Another type of functionality that manifests problems similar to those discussed above involves MERGE-type operations. Whereas the INSERT and UPDATE statements are used to insert or update a single row of a table, respectively, a MERGE-type operation uses decisional logic to determine whether to merge a row from a first table into the row of a second table. An example of this type of operation is the MERGE statement supported by databases commercially available from the Oracle Corporation. As is the case with the INSERT and UPDATE statements, a user employing a MERGE statement is required to provide code for both a test condition, and code for each of the two alternative paths that may be taken following the test condition. As described above, this increases the complexity of the application, and makes testing more time-consuming and difficult.
The above-described problems have not been addressed because of the difficulty associated with providing a generic approach that is able to change a database from any one of multiple possible states to a second known state. This can best be understood by re-considering the distinctions between the INSERT and UPDATE statements. When an INSERT statement is executed, data is provided for each of the columns of the database, since each column will be “empty” at the time of record creation. In contrast, when an UPDATE statement is executed, it is generally desirable to provide data for only the selected columns that are to be modified, leaving the remaining columns unchanged. Without prior knowledge as to the database state, it cannot be determined which of these approaches should be used, and no generic solution has been devised that can equally apply to either type of situation.

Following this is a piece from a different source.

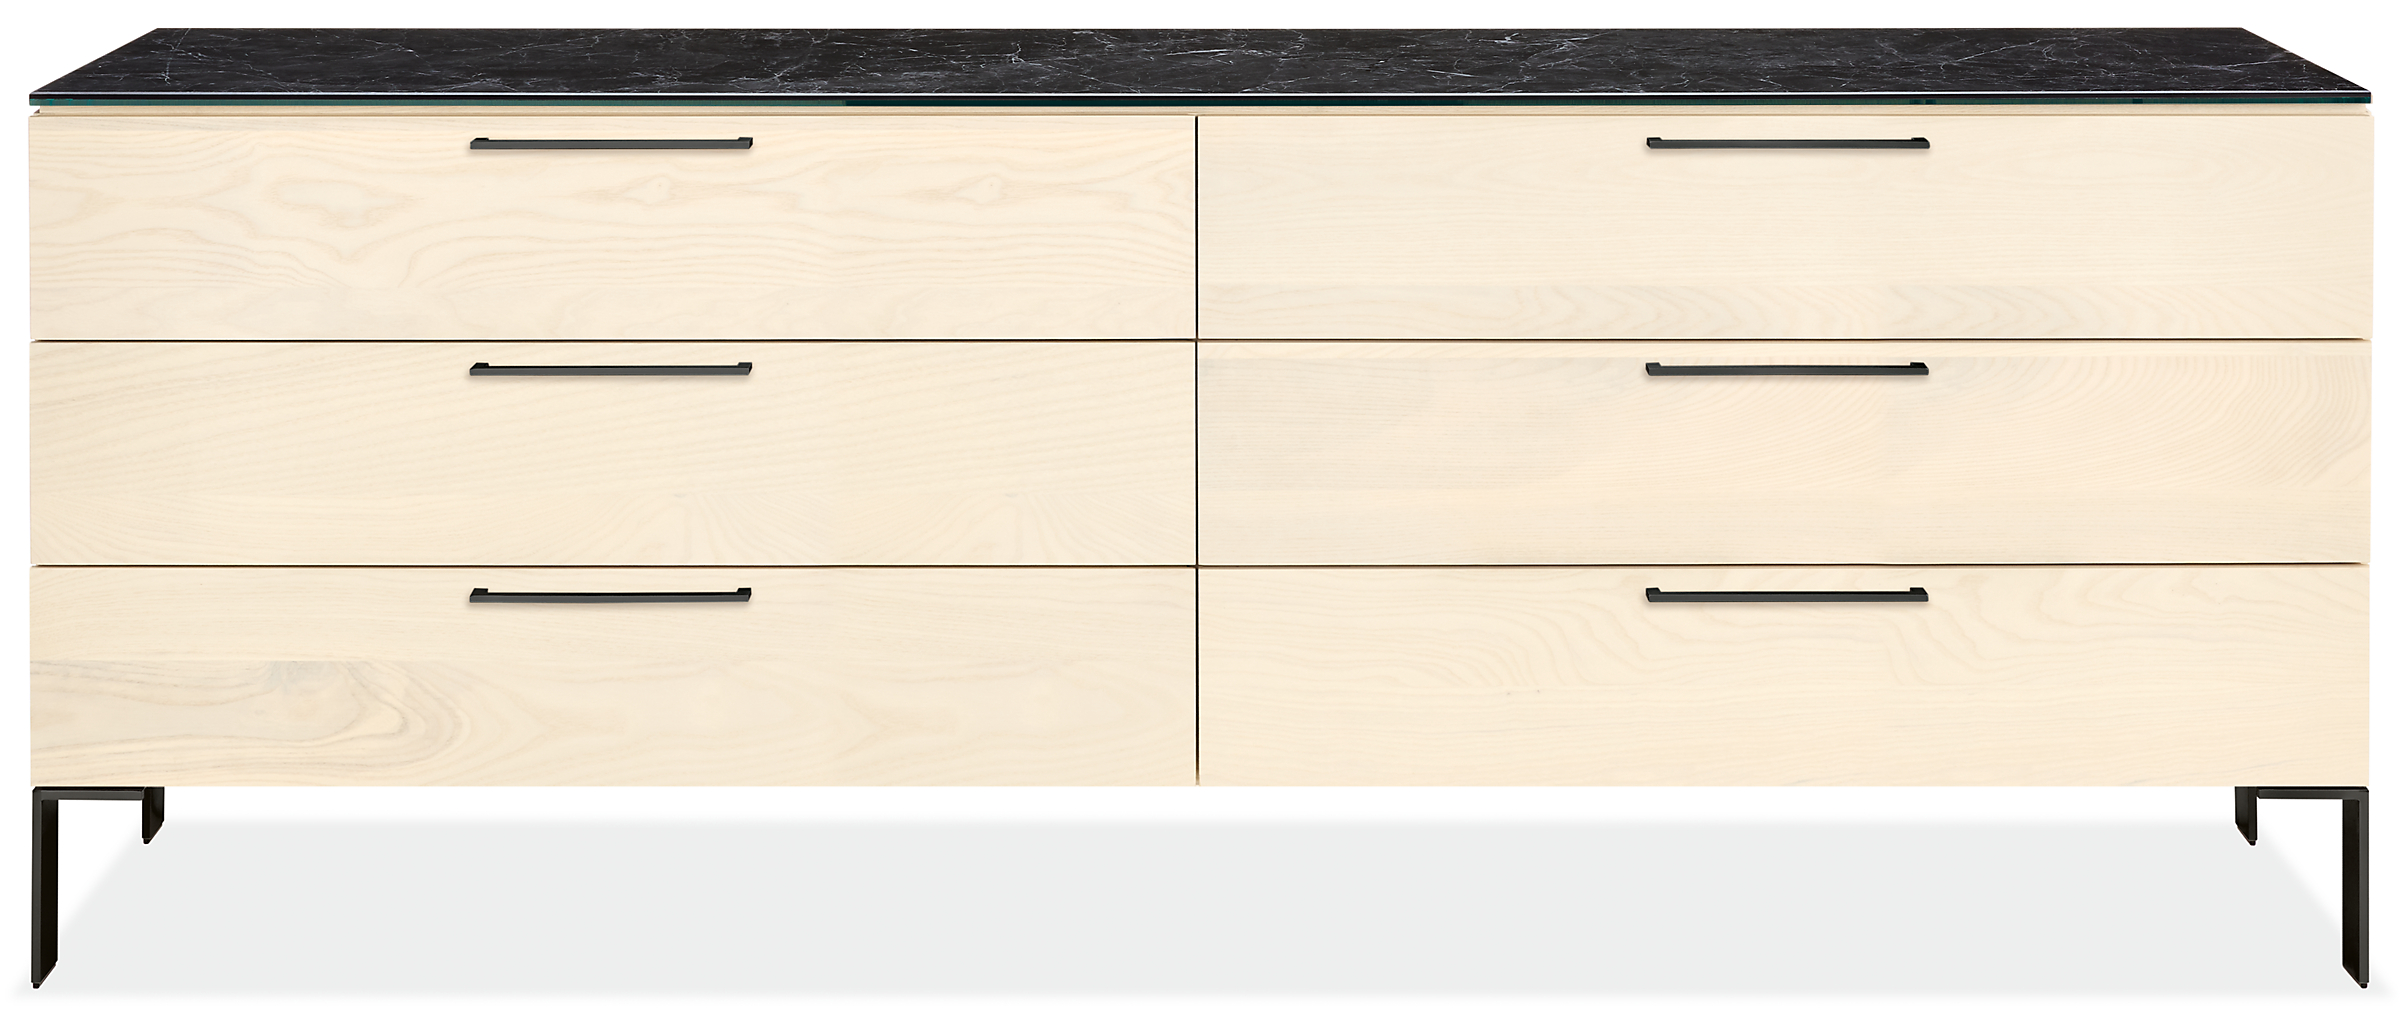 Kenwood 84w 20d 33h Six-Drawer Dresser with Ceramic Top

Yet another related problem associated with transforming a database from a first unknown state to a second known state involves the prior art locking mechanisms that are associated with data retrieval in a DBMS. Generally, when a data retrieval operation such as a SELECT is initiated to read a record, a READ lock is activated on that record. This READ lock allows the transaction to read from, but not update, the record. After the SELECT is completed, that READ lock is deactivated.
As noted above, a SELECT is often performed to attempt to read the contents of a record. Thereafter, some decisional logic is executed to determine whether to issue an UPDATE or an INSERT statement for the record. Before the UPDATE or INSERT statement can actually be executed, however, a WRITE lock must be requested and obtained for the target record. This will allow the transaction that obtained the lock to both read from, and write to, that record. However, it is possible that between the time the SELECT was issued and the WRITE lock is requested, some other transaction was able to acquire a WRITE lock on the same target record, preventing the original transaction from continuing execution. When execution does resume on that transaction, the SELECT operation must be re-executed, since the contents (and even the very existence) of the record can no longer be assumed. This is a time-consuming process.
What is needed, therefore, is an improved system and method for addressing the foregoing problems associated with transitioning a database from a first unknown state to a second state.